Disconnect the optical drive and/or primary HDD, see whether it will work then (in order to see if it is PSU related just in case).


----------



## Frick (Nov 12, 2012)

Chevalr1c said:


> Disconnect the optical drive and/or primary HDD, see whether it will work then (in order to see if it is PSU related just in case).



Did that already.


----------



## temp02 (Nov 12, 2012)

Are there any jumpers on the drive? Most drives have one for SATA 1.5G compatibility, try setting it and try again.


----------



## Iceni (Nov 12, 2012)

AHCI mode switching?

I've had a similar problem when i ran Sata1 drives without AHCI in a newer machine. But only if AHCI was on by default, and the new drive wasn't already enabled for this mode.

There is a tweak in the registry that may help.

http://www.tomshardware.co.uk/forum/271111-14-windows-booting-ahci

wiki link



> Some operating systems, notably Windows Vista and Windows 7, do not configure themselves to load the AHCI driver upon boot if the SATA-drive controller was not in IDE mode at the time of installation. This can cause failure to boot with an error message if the SATA controller is later switched to AHCI mode. For this reason, Intel recommends changing the drive controller to AHCI or RAID before installing an operating system.[1] (It may also be necessary to load chipset-specific AHCI or RAID drivers — from a USB Flash drive, for example — at installation time.)


----------



## Frick (Dec 14, 2012)

Iceni said:


> AHCI mode switching?
> 
> I've had a similar problem when i ran Sata1 drives without AHCI in a newer machine. But only if AHCI was on by default, and the new drive wasn't already enabled for this mode.
> 
> ...



Can't sleep, so I tried this, and no it didn't work either. Plus AHCI mode added like 15 seconds to the boot time so I set it to IDE again.

Thank you anyway.


----------



## hellrazor (Dec 14, 2012)

Are you sure it just isn't the SATA slot (on the mobo)?


----------



## Frick (Dec 14, 2012)

hellrazor said:


> Are you sure it just isn't the SATA slot (on the mobo)?



Tried all of them, and the other disks works fine in all of them. Also tried other power cables (that work with other disks), SATA cables and with as little stuff installed as possible. I really have no clue what's going on.

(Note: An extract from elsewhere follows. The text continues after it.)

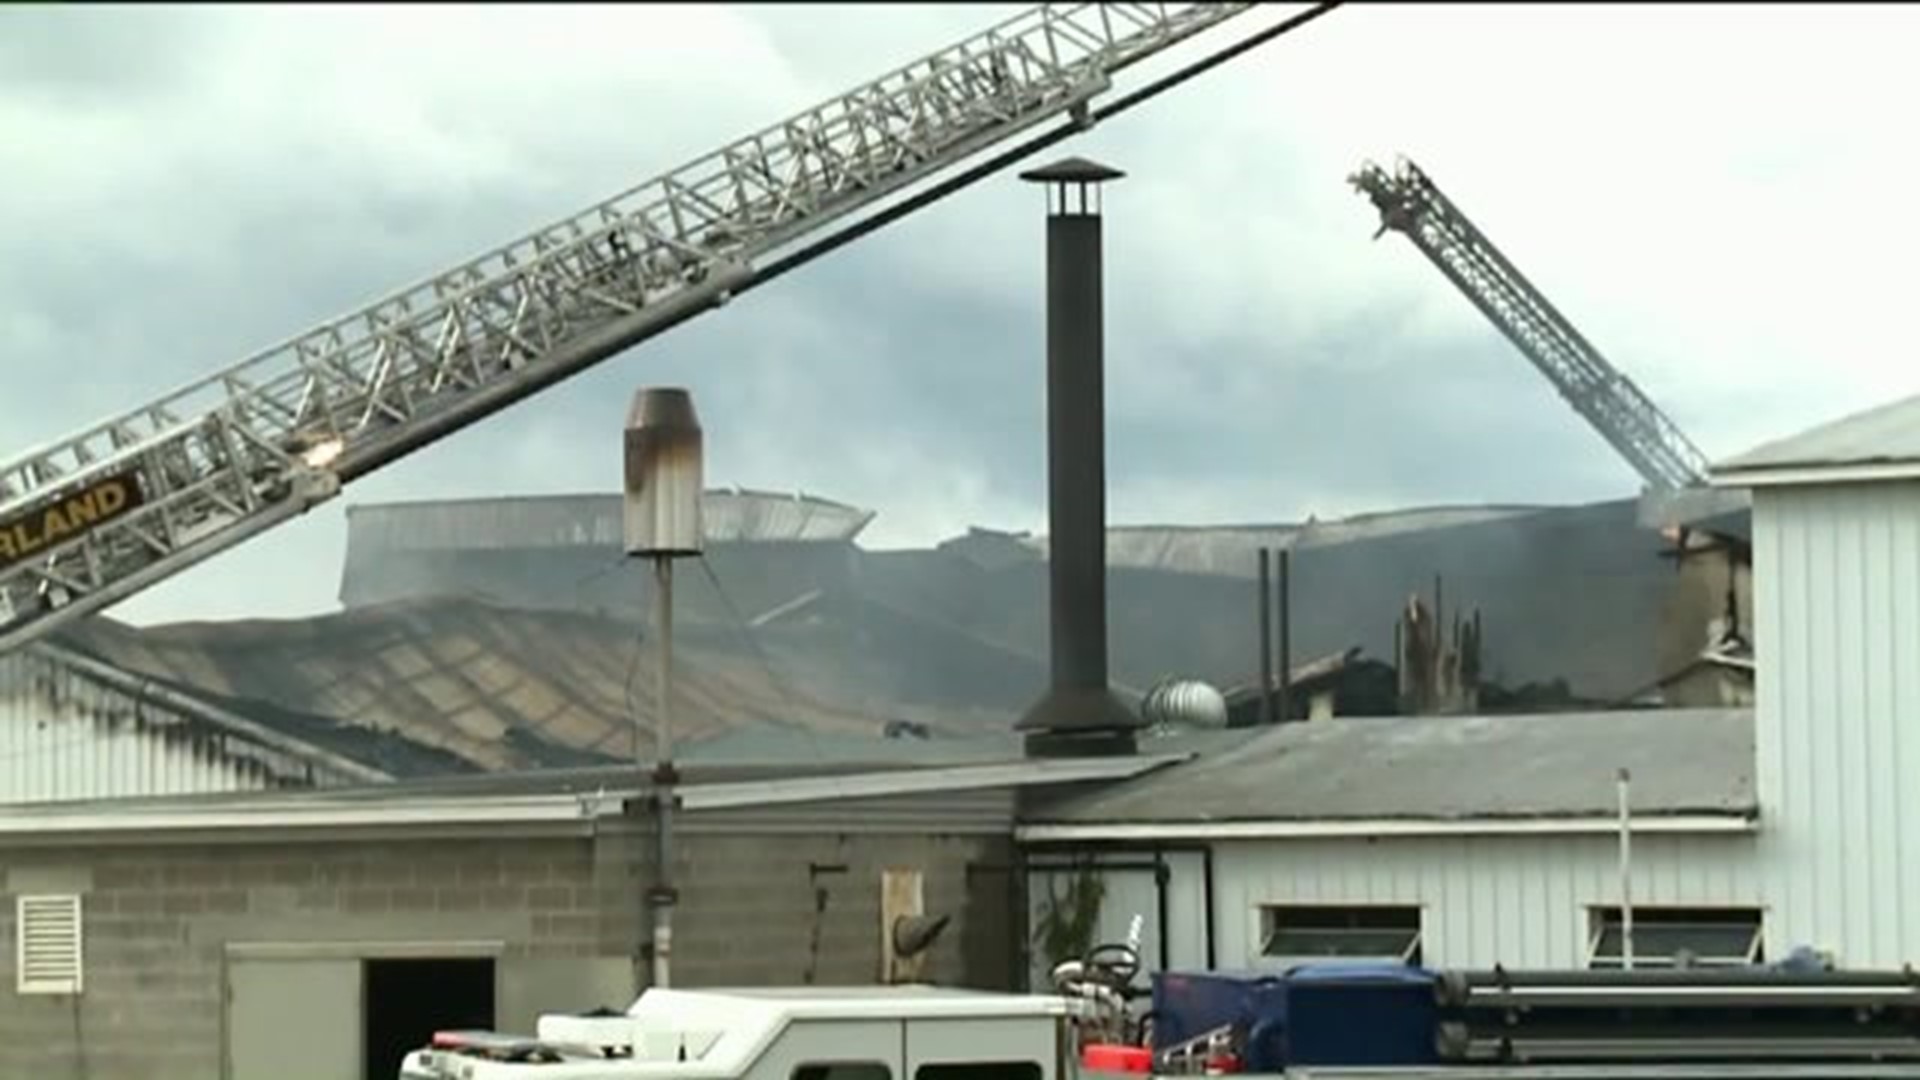 Assessing the Damage from Cheese Factory Fire

SMART says the disk is flawless.


----------



## hellrazor (Dec 14, 2012)

Well I say the disk is retarded.


----------



## 1freedude (Dec 14, 2012)

try using the power from the enclosure, not the PSU

edit
and vice versa...connect drive to enclosure and use PSU power


----------



## Frick (Dec 14, 2012)

hellrazor said:


> Well I say the disk is retarded.



Yeah I'm coming to that conclusion too.



1freedude said:


> try using the power from the enclosure, not the PSU
> 
> edit
> and vice versa...connect drive to enclosure and use PSU power



Not possible, you kinda slide it into place in the enclosure so you can't use only one connector.


----------



## pigulici (Dec 14, 2012)

See for firmware for this hdd, I have a Samsung hdd 500gb, and it is not seen on sata port on my 890fx chipset motherboardm, so after I did the firmware it is ok...look here:
http://forums.anandtech.com/showthread.php?t=2140227


----------



## pigulici (Dec 14, 2012)

and this:
http://www.jack-brennan.com/samsung-firmware-update-for-p67-and-sb850/
http://knowledge.seagate.com/articles/en_US/FAQ/223631en


----------



## Jetster (Dec 14, 2012)

Did you format it in the enclosure? Maybe it needs an active partition


----------



## lyndonguitar (Dec 14, 2012)

did you try the hdd on another setup?

-

I think it doesnt get enough power


----------



## de.das.dude (Dec 14, 2012)

get an exorcist.


----------



## Frick (Dec 14, 2012)

pigulici said:


> See for firmware for this hdd, I have a Samsung hdd 500gb, and it is not seen on sata port on my 890fx chipset motherboardm, so after I did the firmware it is ok...look here:
> http://forums.anandtech.com/showthread.php?t=2140227



Will look into it, but I can't seem to find a firmware now.. As the Samsung site doens't exist anymore and Seagate has nothing. Arrrghhh!



Jetster said:


> Did you format it in the enclosure? Maybe it needs an active partition



No.



lyndonguitar said:


> did you try the hdd on another setup?
> 
> -
> 
> I think it doesnt get enough power



I was thinking that too, but I have tried the system with a minimal amount of components installed, and my system uses very little power to begin with. And I don't see why the power should be enough for one drive but not for another. If there is a problem with the PSU I'd imagine I'd have other problems, but I don't. Everything works perfectly fine, but not this exact HDD in this system.

It works in other systems.

Just realized I have a PCI SATA controller card. Will try it there when I can be assed. If it doesn't work I think I can assume it is indeed a power problem, and if it does work I blame MSI.


----------



## H82LUZ73 (Dec 14, 2012)

http://knowledge.seagate.com/articles/en_US/FAQ/223631en


info

http://www.jack-brennan.com/samsung-firmware-update-for-p67-and-sb850/


----------



## Frick (Dec 14, 2012)

H82LUZ73 said:


> http://knowledge.seagate.com/articles/en_US/FAQ/223631en
> 
> 
> info
> ...



I'm very tired. 

Thanks.


----------